I spotted a new bird last weekend.

I'd got up at 5 a.m., grabbed my camera gear, and driven about 30 minutes out to the coast, to one of Sydney's many beaches to photograph the sunrise. Specifically, I went to the tidal swimming pool at North Narrabeen. I'd arranged to meet Andrew, a friend from work, there and saw him walking from his car down to the pool as I arrived. We went down to the pool together, set up our tripods and cameras, and began snapping photos and waiting for the sunrise.

When we arrived at the pool, there was another photographer already there, and another arrived very soon behind us. We greeted each other in the way that people of obviously similar interest drawn to unusual places for the same reason greet one another. In truth, we could all tell by the slight brightening of the sky and the conformation of clouds now visibly smothering the horizon that the sunrise would rather plain, instead of the sky-filling dapples of pink and orange cloud that makes for spectacular photos.

"Looks like a bad one this morning."

"Yeah, you never can tell.

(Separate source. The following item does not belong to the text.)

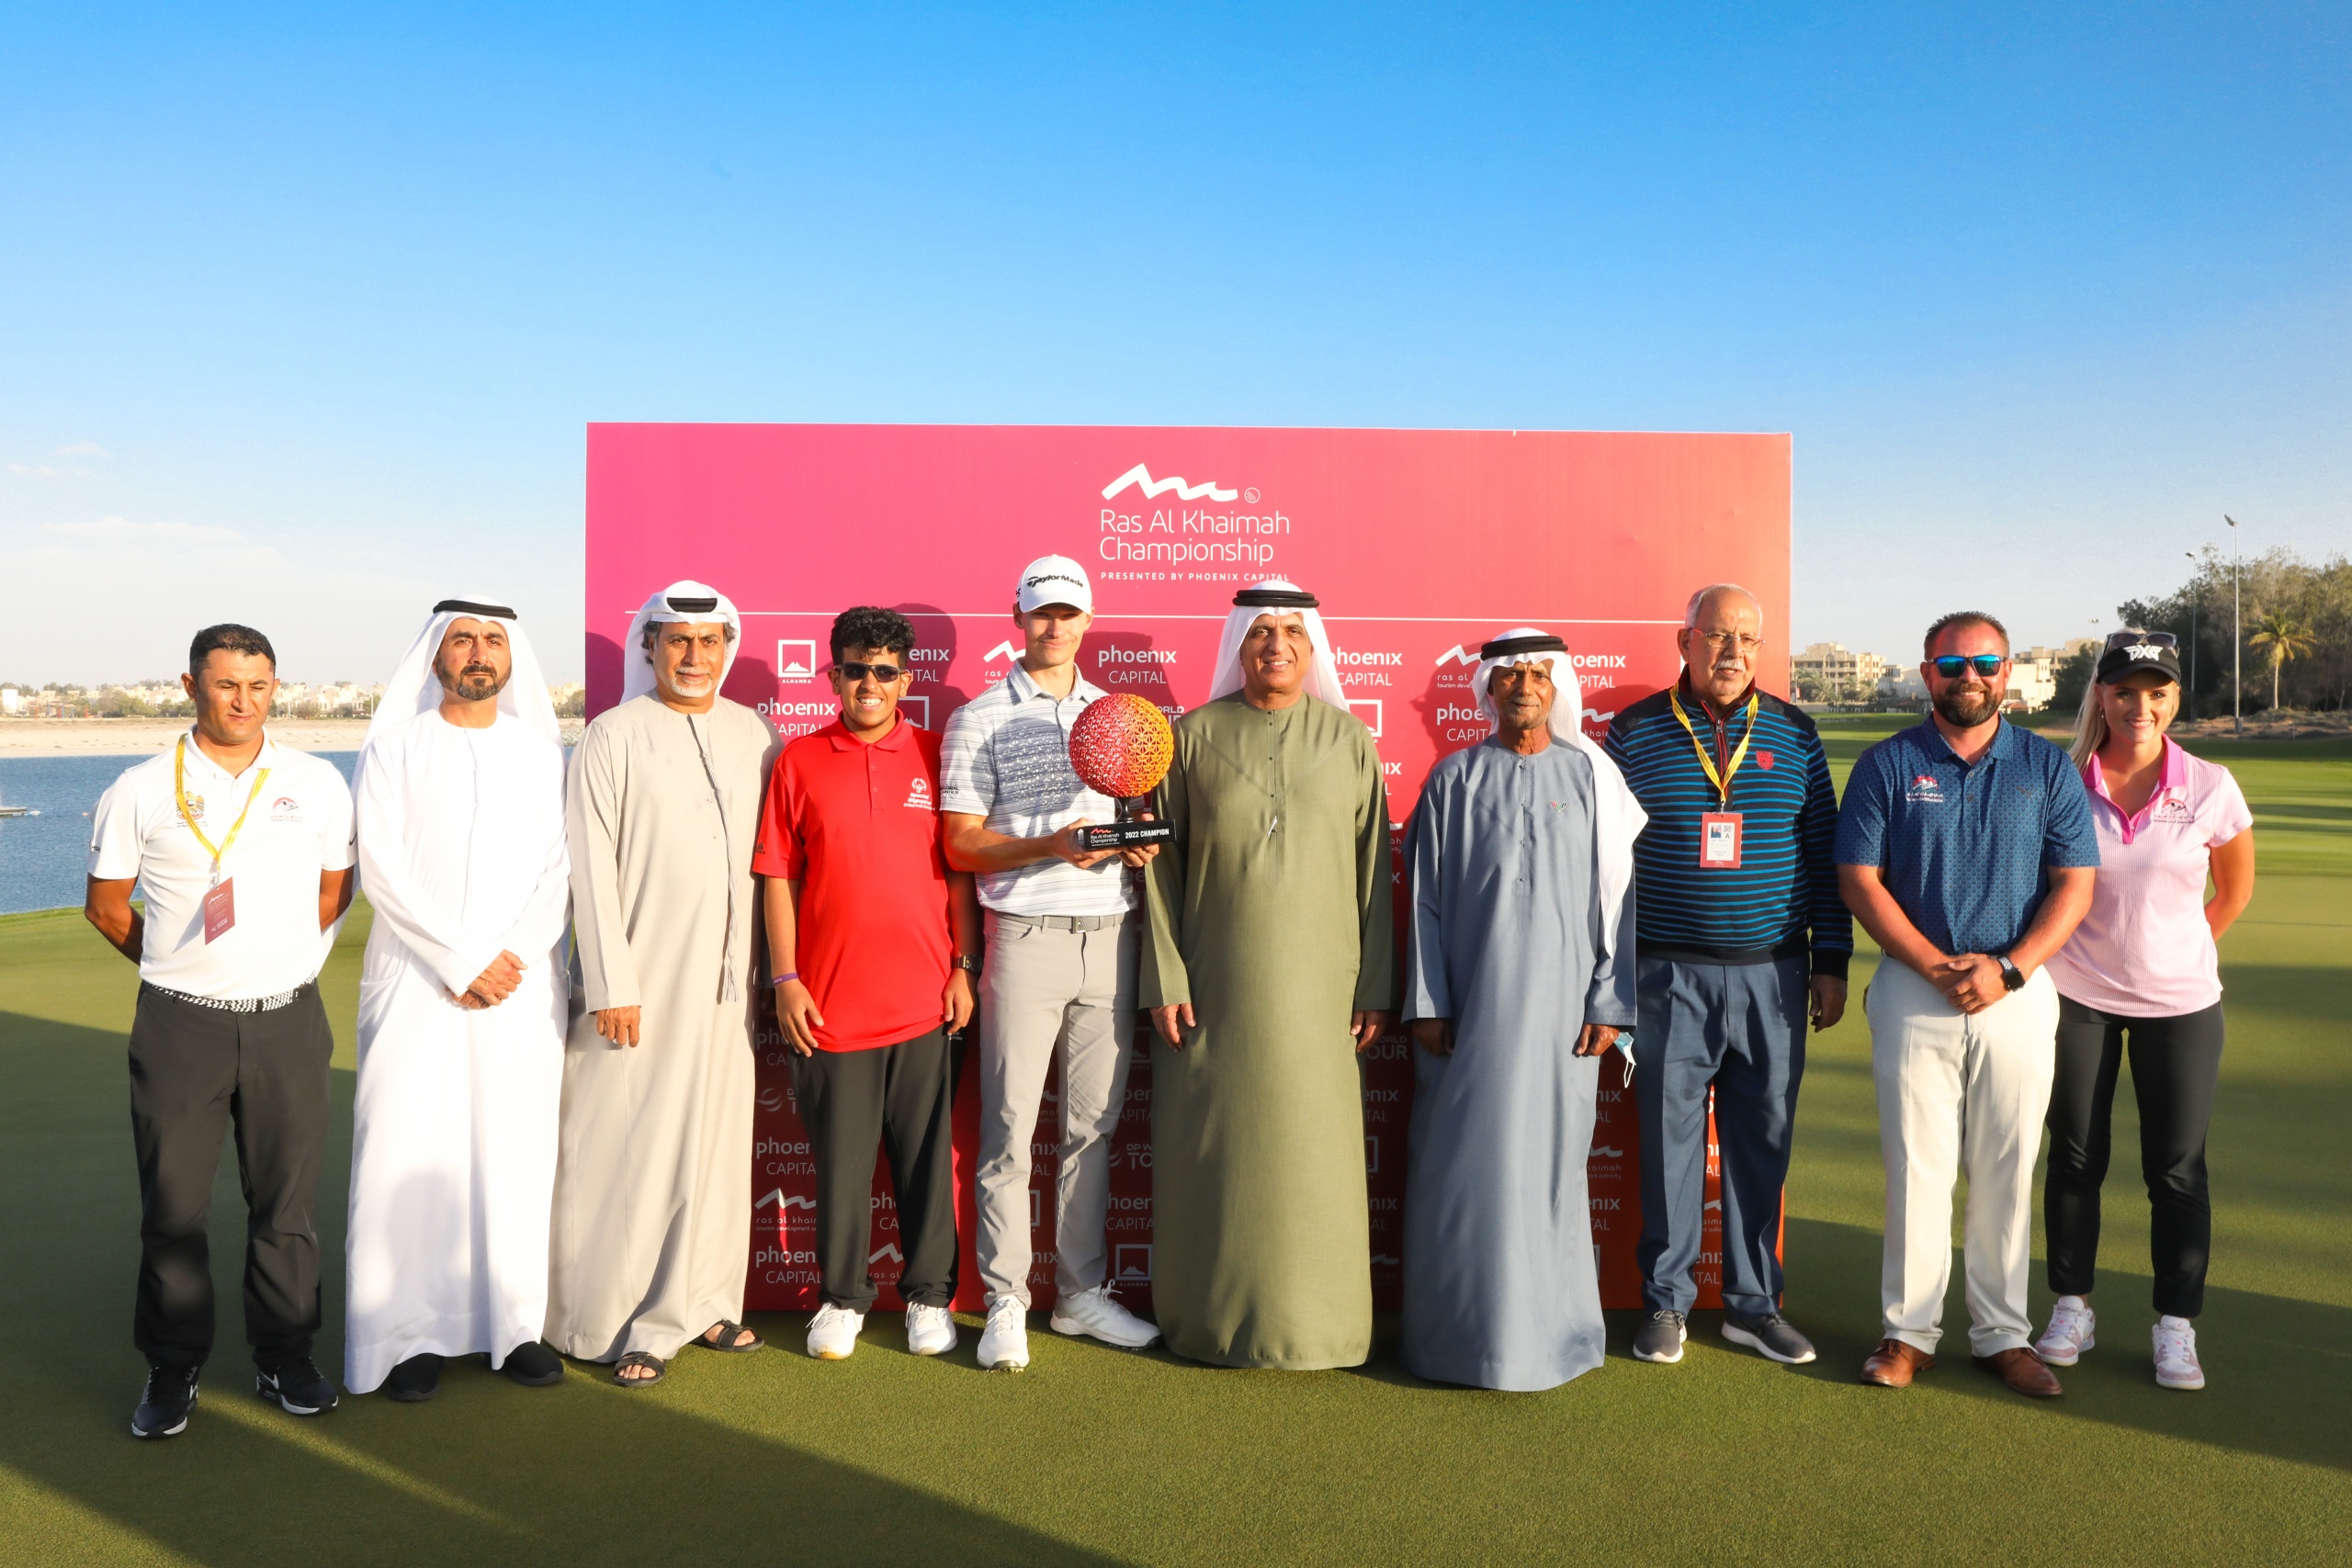 Ruler of ras al khaimah and guests awarding golf champion the award

Just have to get up and try."

"Yep."

Sooty Oystercatcher
The sooty oystercatcher I saw.
We turned our attention to photographing the swimming pool and its picturesque wooden catwalk. One of the other photographers commented, "This must be one of the most photographed pools in the world." We nodded our agreement.

After taking a few shots of the pool, Andrew and I walked out along the side of the pool to the rock shelf separating it from the ocean. The tide was low, meaning there was an exposed expanse of slick wet sandstone about the size of a football field, which would be have been covered at high tide. It's pocked by tidal pools and limpets and barnacles, and, on this morning, more photographers. Others arrived after us, and I counted around 20 of us altogether, scuttling around like crabs with our tripods, seeking the best vantage points for shots of the surf washing over the rocks, in the absence of a light show from the sky.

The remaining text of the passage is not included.